DATA BLOCK:
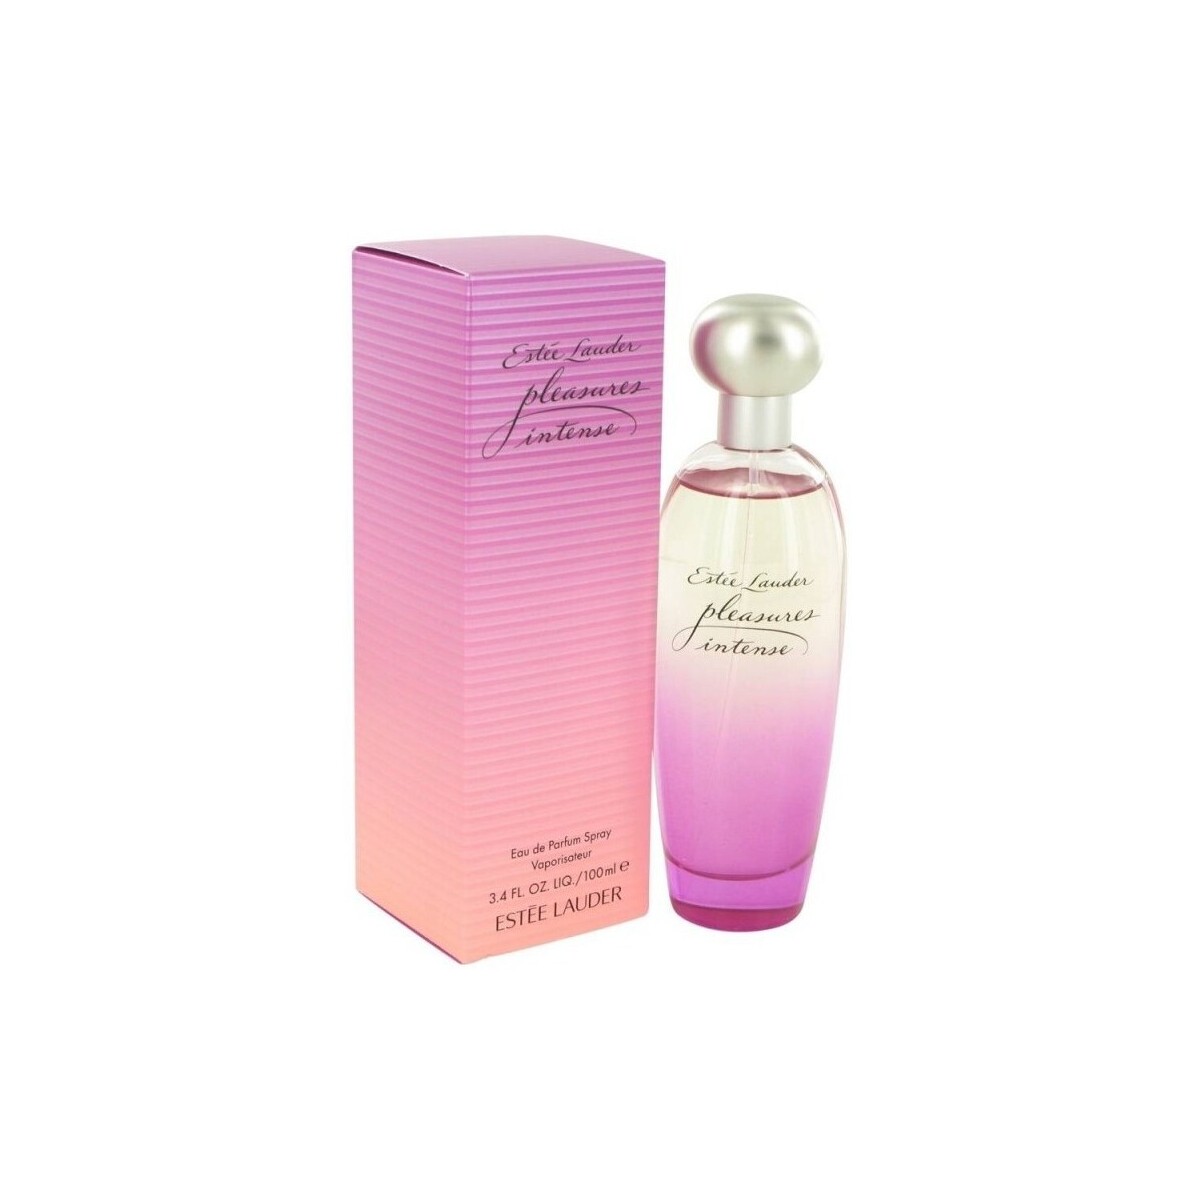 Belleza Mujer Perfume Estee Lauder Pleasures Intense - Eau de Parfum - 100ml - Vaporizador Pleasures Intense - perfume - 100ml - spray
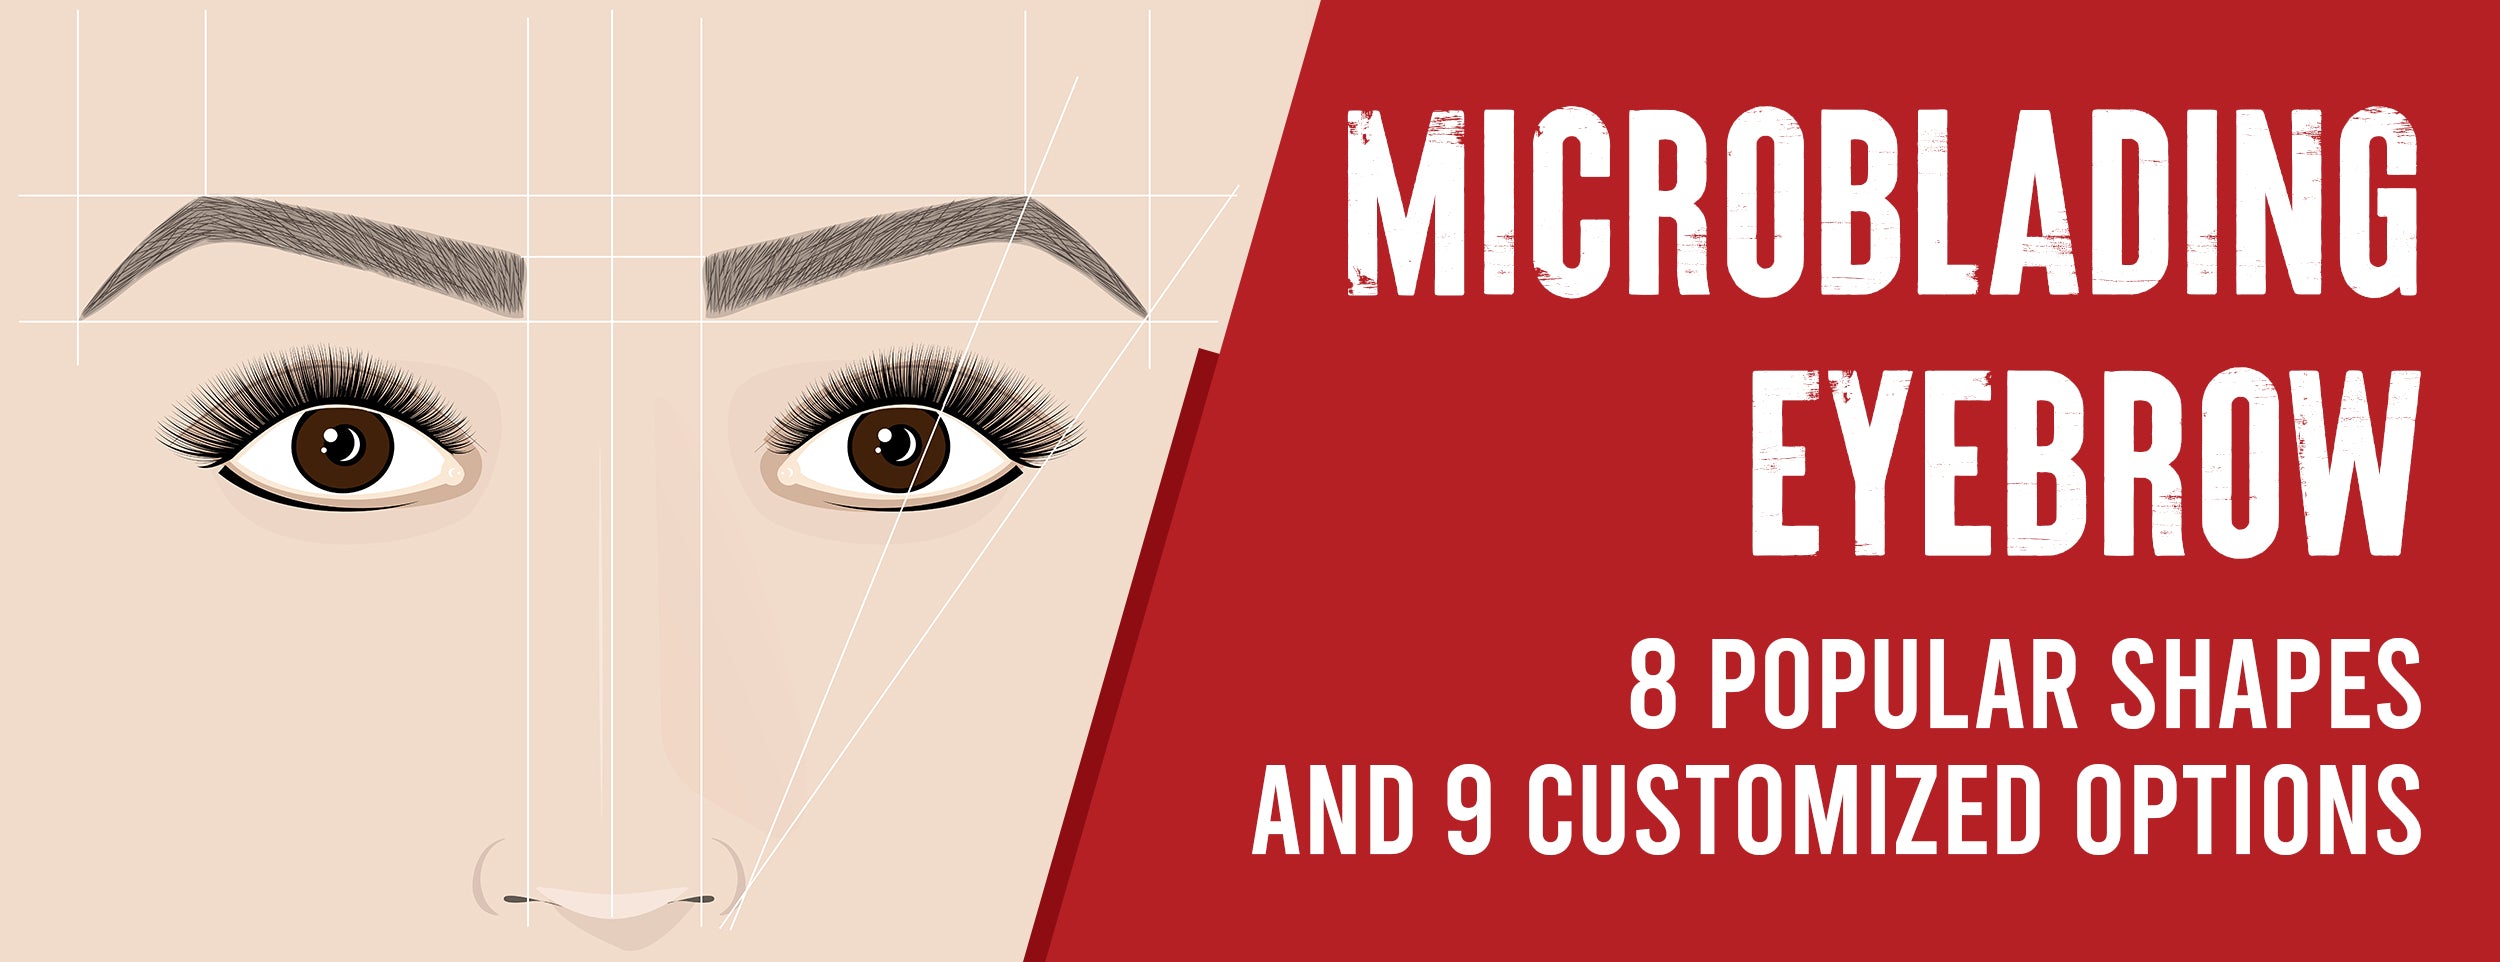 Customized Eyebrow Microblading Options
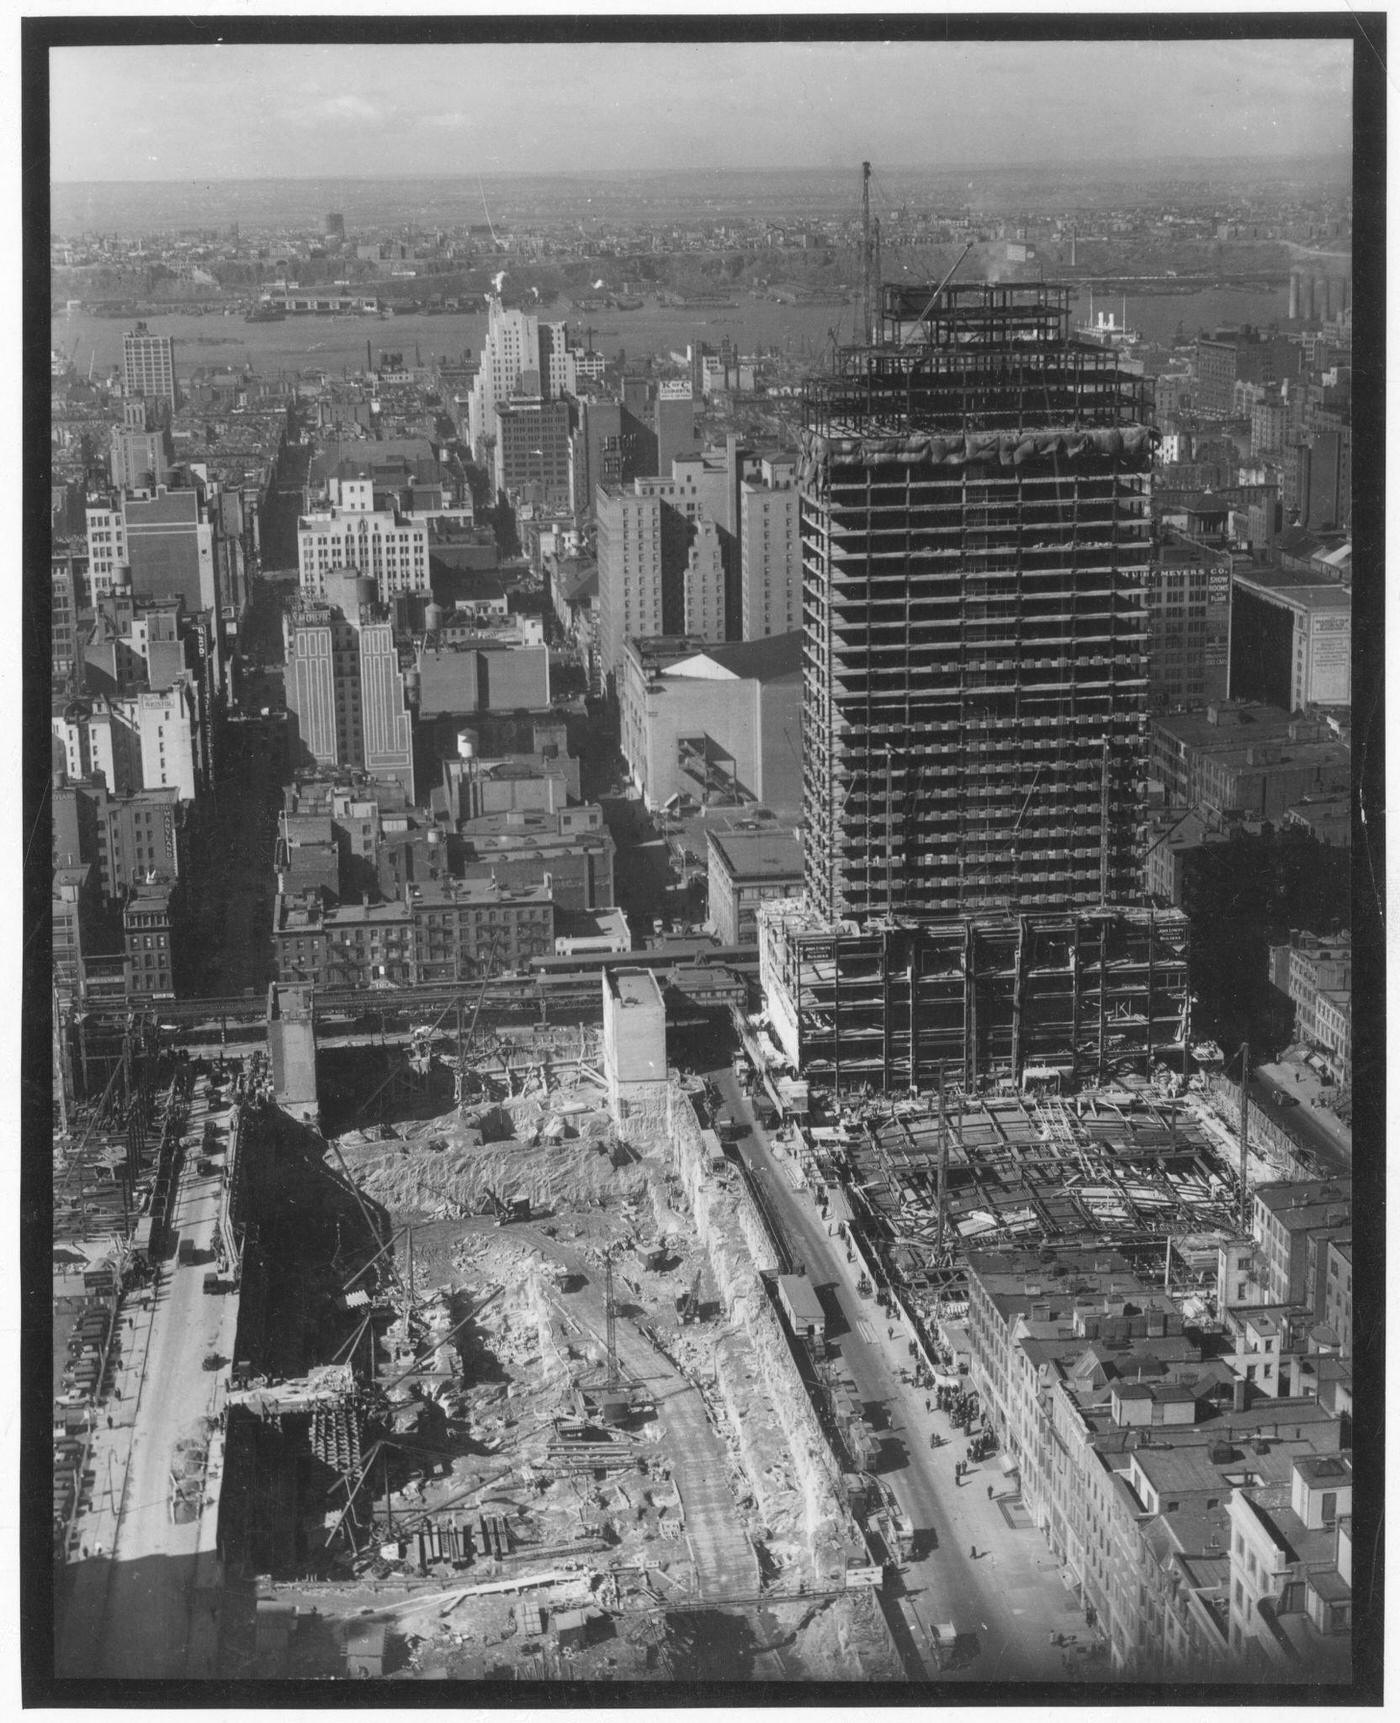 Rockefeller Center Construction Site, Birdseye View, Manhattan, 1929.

WHAT IS REQUIRED: Write out the material exactly, excluding pictures.

RESPONSE BOX:
 Belleza Mujer Perfume Estee Lauder Pleasures Intense - Eau de Parfum - 100ml - Vaporizador Pleasures Intense - perfume - 100ml - spray
 Customized Eyebrow Microblading Options
 Rockefeller Center Construction Site, Birdseye View, Manhattan, 1929.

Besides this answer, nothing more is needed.